HTTP 204 is useful on resource updates (ie PUT) when you want to explicitly say that the resource does not need to be fetched again (GET). For example, resources that have calculated fields and require a refresh of the view after every update, fetching those calculated fields from the server. Therefore, the 204 status code has specific use cases and must be designed and documented.
I would use one of:
HTTP 200 with count=0 and no items in the returned list.
HTTP 400 because invoker asked for an url that is invalid
HTTP 404 because items to return are not found
Choose the one that best suits the way your API works.
I think it's safe to return an error (4xx + error info) in this situation because the offset can be exceeded by one of these assumptions:
A coding error
Invoker is not fetching data from begining (no fresh state)
Invoker ignored pagination data (present on each response)
You are not using total field in the response (which is optional because there are some situations where you can not count all items or simply it's very expensive counting them).
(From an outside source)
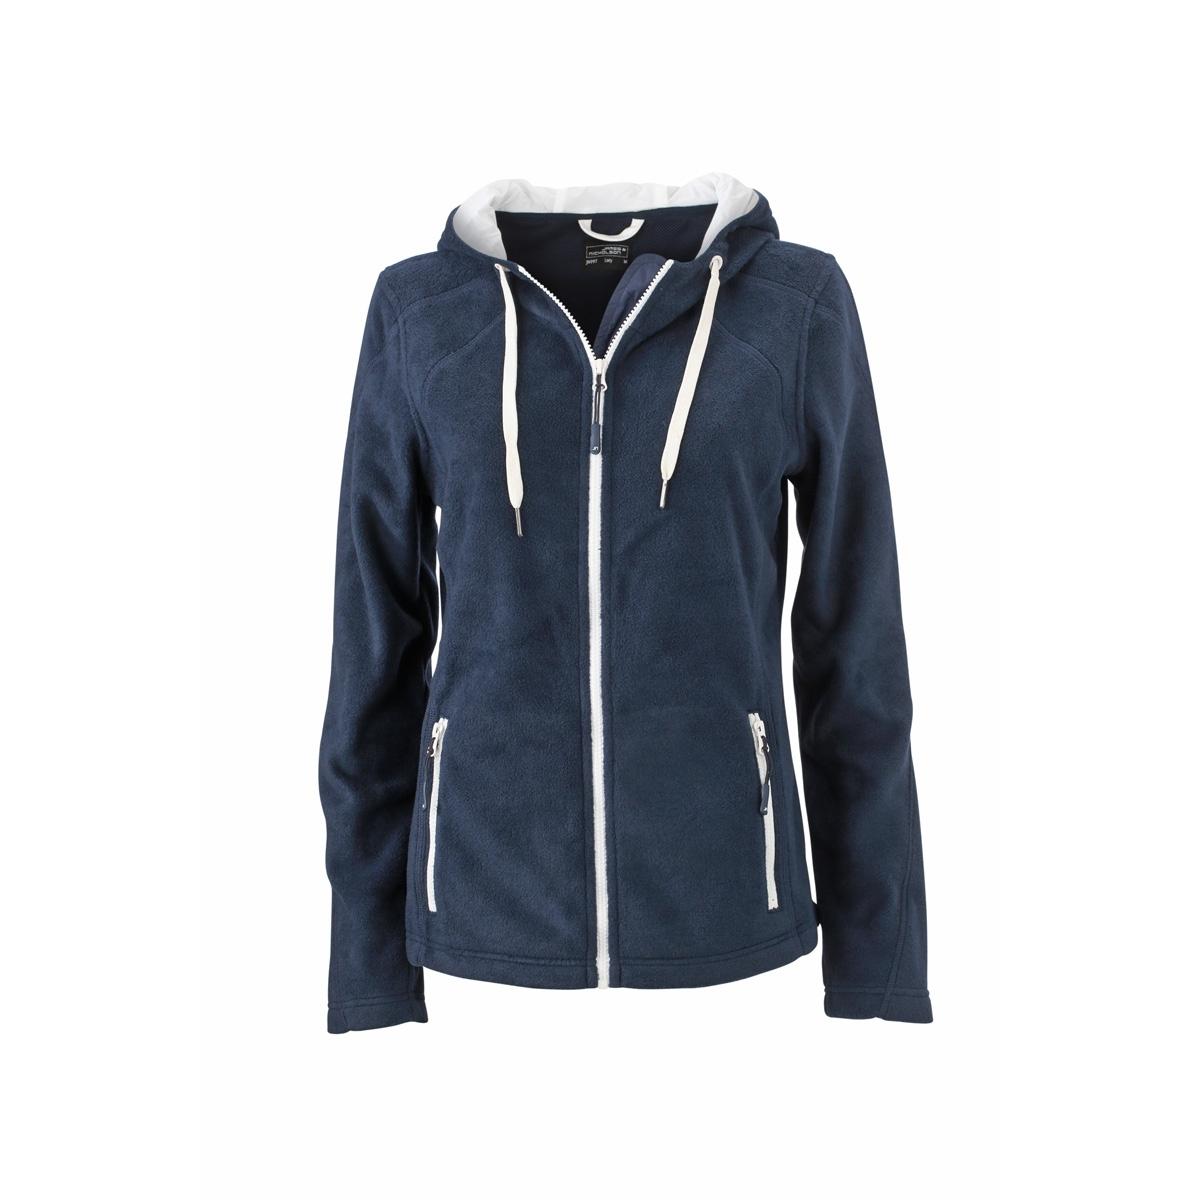 79b95c9b0e James et Nicholson Veste polaire zippée capuche contrastée FEMME JN997 -  bleu marine

In this case, if your last page has the same number of items (count) as the number of items asked for in the request (limit), there is no way to know that this is the last page, so you try another one. In that last request you will get a count=0 in the response and you can stop asking for pages. This case makes it fair to return a 200 code also because the programmer did exactly what you asked for in the API documentation.